A new aerogel shows potential for clean hydrogen production

Researchers have developed an aerogel photocatalyst that could offer a new clean method for producing hydrogen fuel

Spotted: Aerogels are solid materials with extremely low density. They are typically produced by removing the liquid component from a conventional gel. This gives them the structural properties of a solid while remaining 97 per cent air. They are commonly used in insulation, for oil spill clean-up, and to capture space dust – among other uses. Now, researchers at ETH Zurich’s Laboratory for Multifunctional Materials have devised an aerogel that can help with hydrogen production.

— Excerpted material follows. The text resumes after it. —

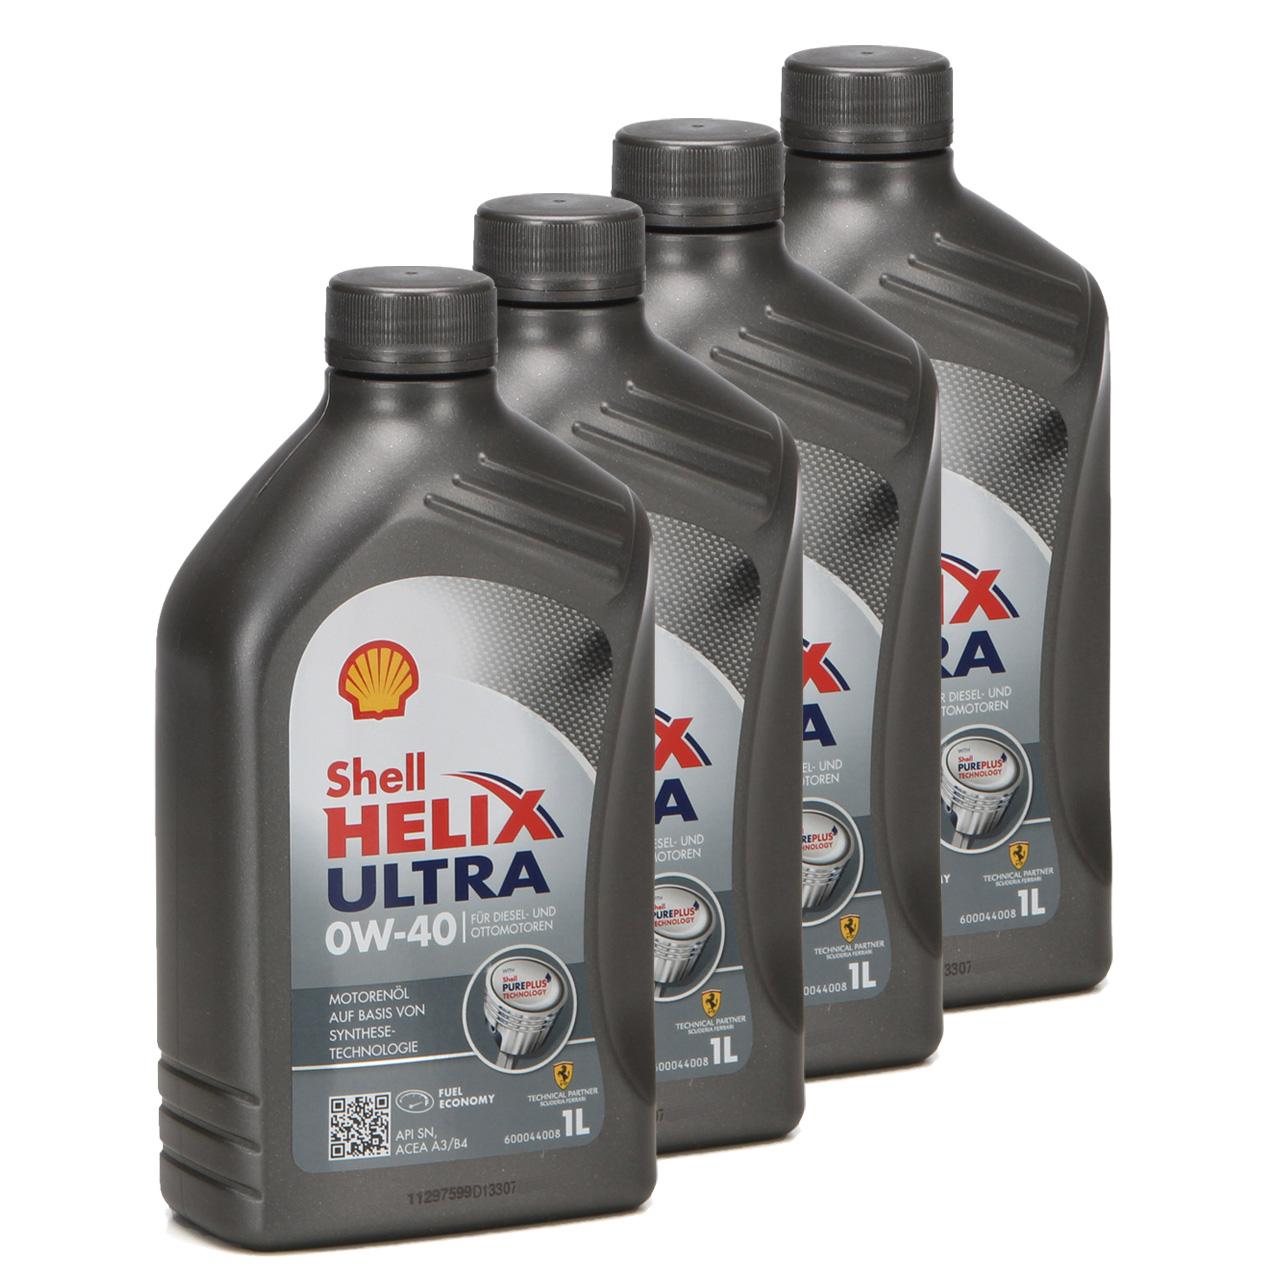 SHELL Motoröl Öl HELIX ULTRA 0W40 MB 229.5/226.5 VW 502.00/505.00 - 4L 4 Liter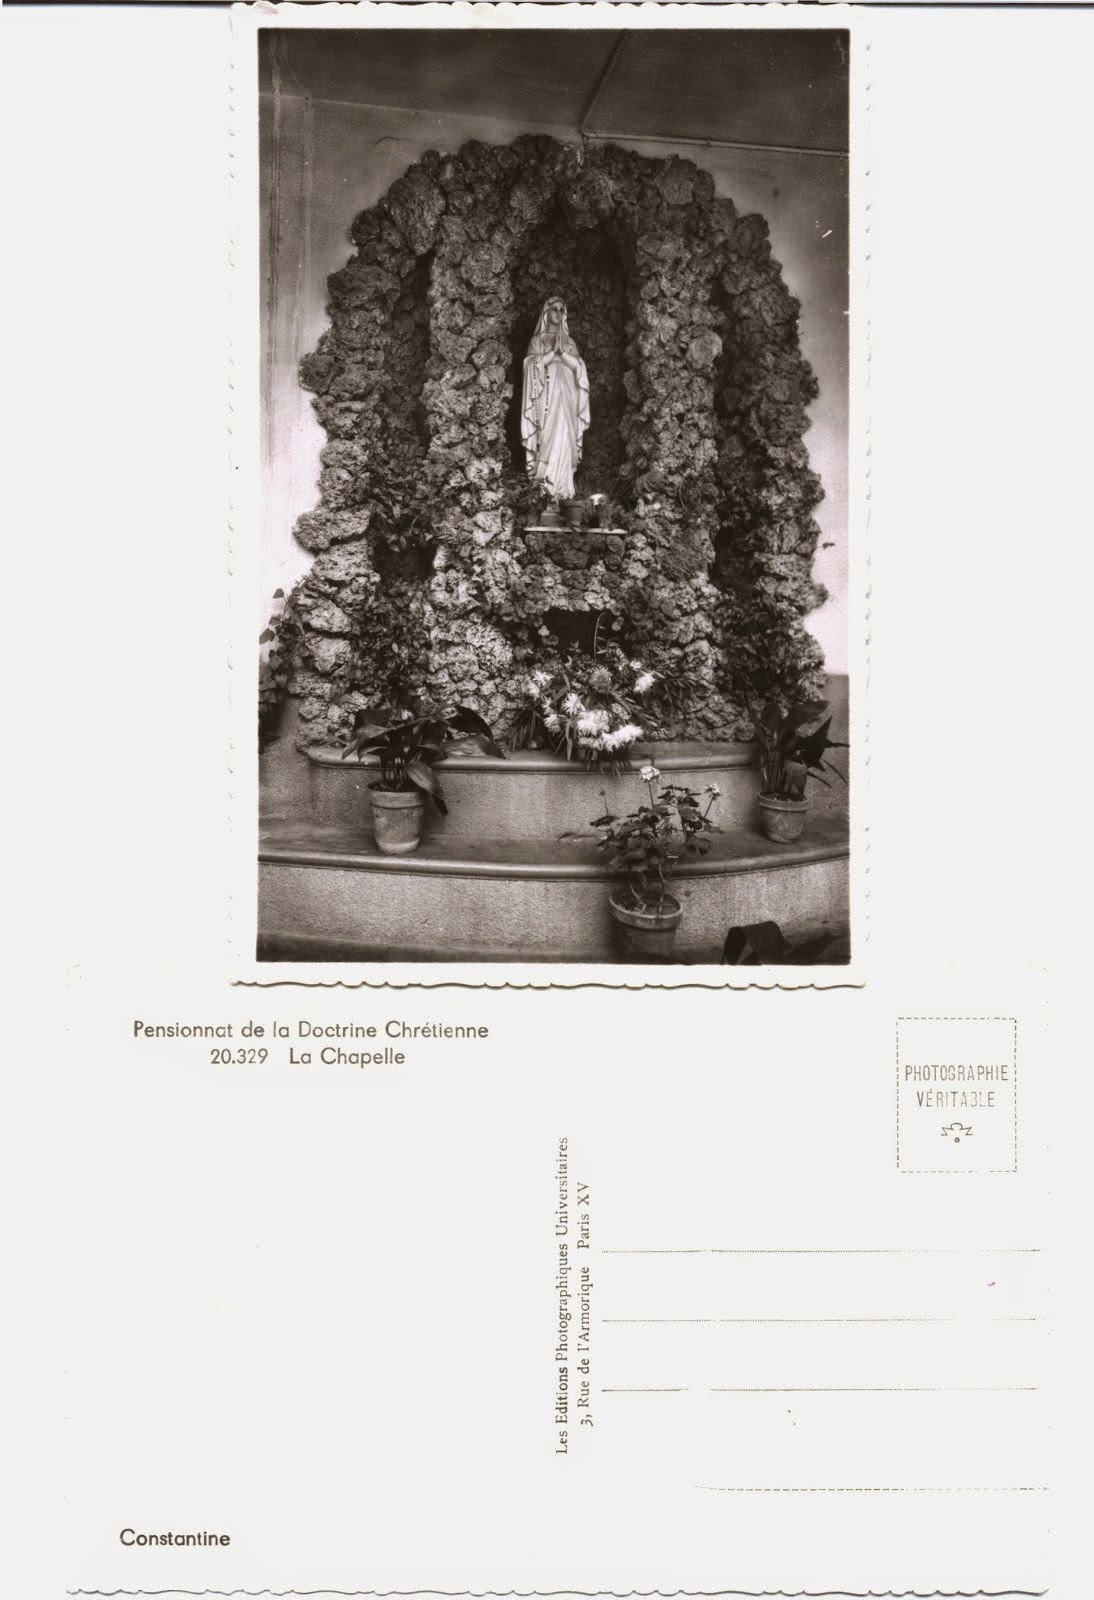 Scoala Catolica Doctrina Crestina Constantine Algeria 1972 1976

The researchers have previously been working with aerogels composed of nanoparticles of the crystalline semiconductor titanium dioxide (TiO2). These aerogels are used as photocatalysts, to accelerate chemical reactions with the aid of sunlight. One such reaction is the production of hydrogen. But a key disadvantage of TiO2 is that it only absorbs UV light – which only makes up around 5 per cent of the spectrum.

To create an aerogel photocatalyst that absorbs a wider range of the spectrum, doctoral student Junggou Kwon came up with the idea of doping the TiO2 nanoparticles with nitrogen. This replaced individual oxygen atoms with nitrogen atoms, absorbing a greater range of light while keeping the aerogel’s porous structure intact.

Kwon then made further changes to the aerogel, including adding small amounts of palladium—a noble gas—and infusing it with ammonia gas.

Hydrogen is important as it can be used as a fuel for applications such as vehicles and boilers. Hydrogen fuel releases only water at point of use. However, at present, most of the world’s hydrogen is derived from natural gas—a fossil fuel—in a very carbon intensive process. The race is therefore on to scale up more sustainable hydrogen production processes.

The first aerogel was created in 1931, from silica. Since that time, these amazing materials have found a large number of new uses. In addition to their use in insulation and space research, we have seen them used in a number of innovations, including in solar-powered medical sterilisation and solar-powered desalination pumps for communities that lack electricity.